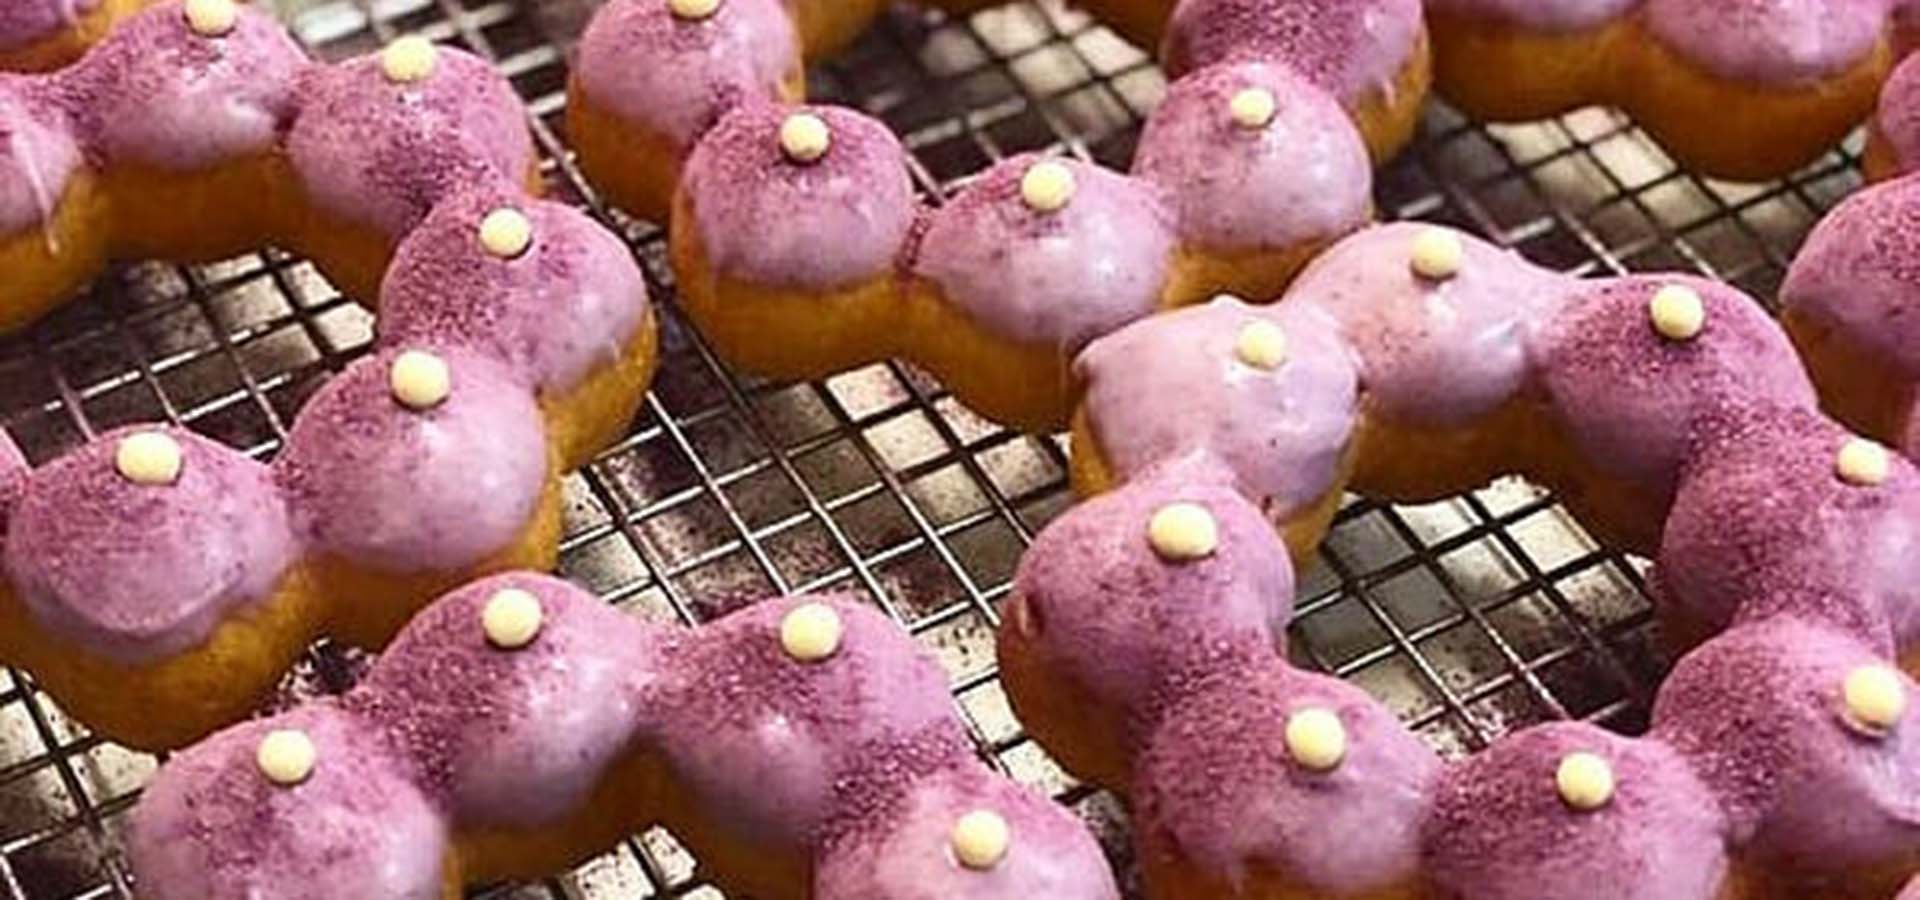 Mochi donuts with a pink glaze on a baking rack.
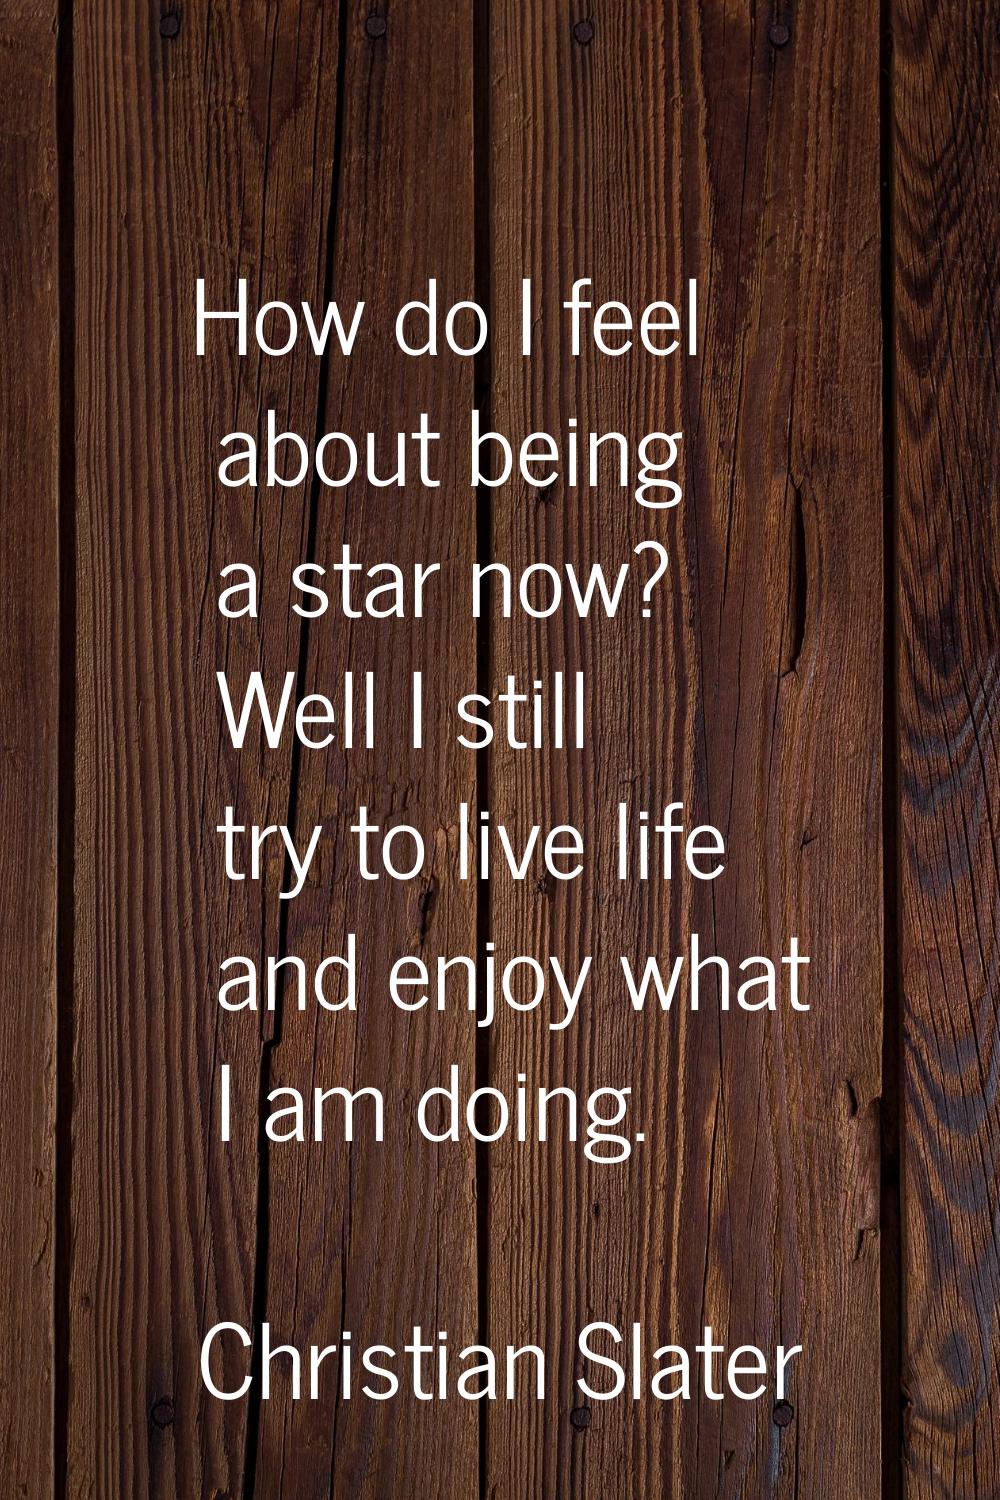 How do I feel about being a star now? Well I still try to live life and enjoy what I am doing.
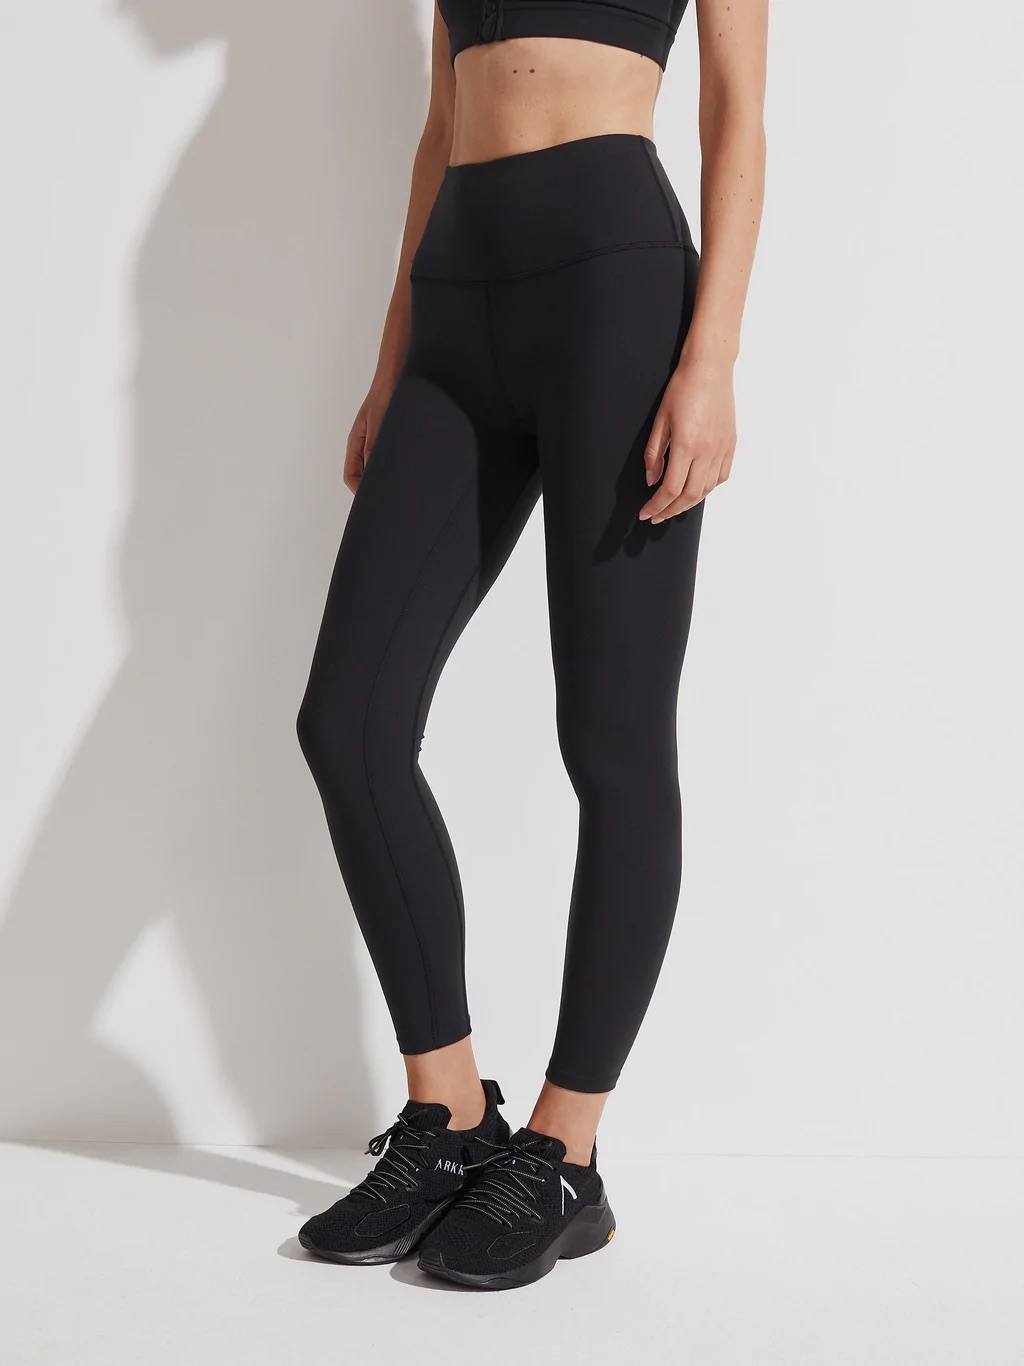 I'm Fussy About Workout Clothes, But These 10 Legging-and-Top Sets Are ...
____________
**What the task requires**
Skipping the images, write out the whole listing exactly.

**Answer section**
 Mochi donuts with a pink glaze on a baking rack.
 How do I feel about being a star now? Well I still try to live life and enjoy what I am doing.
 I'm Fussy About Workout Clothes, But These 10 Legging-and-Top Sets Are ...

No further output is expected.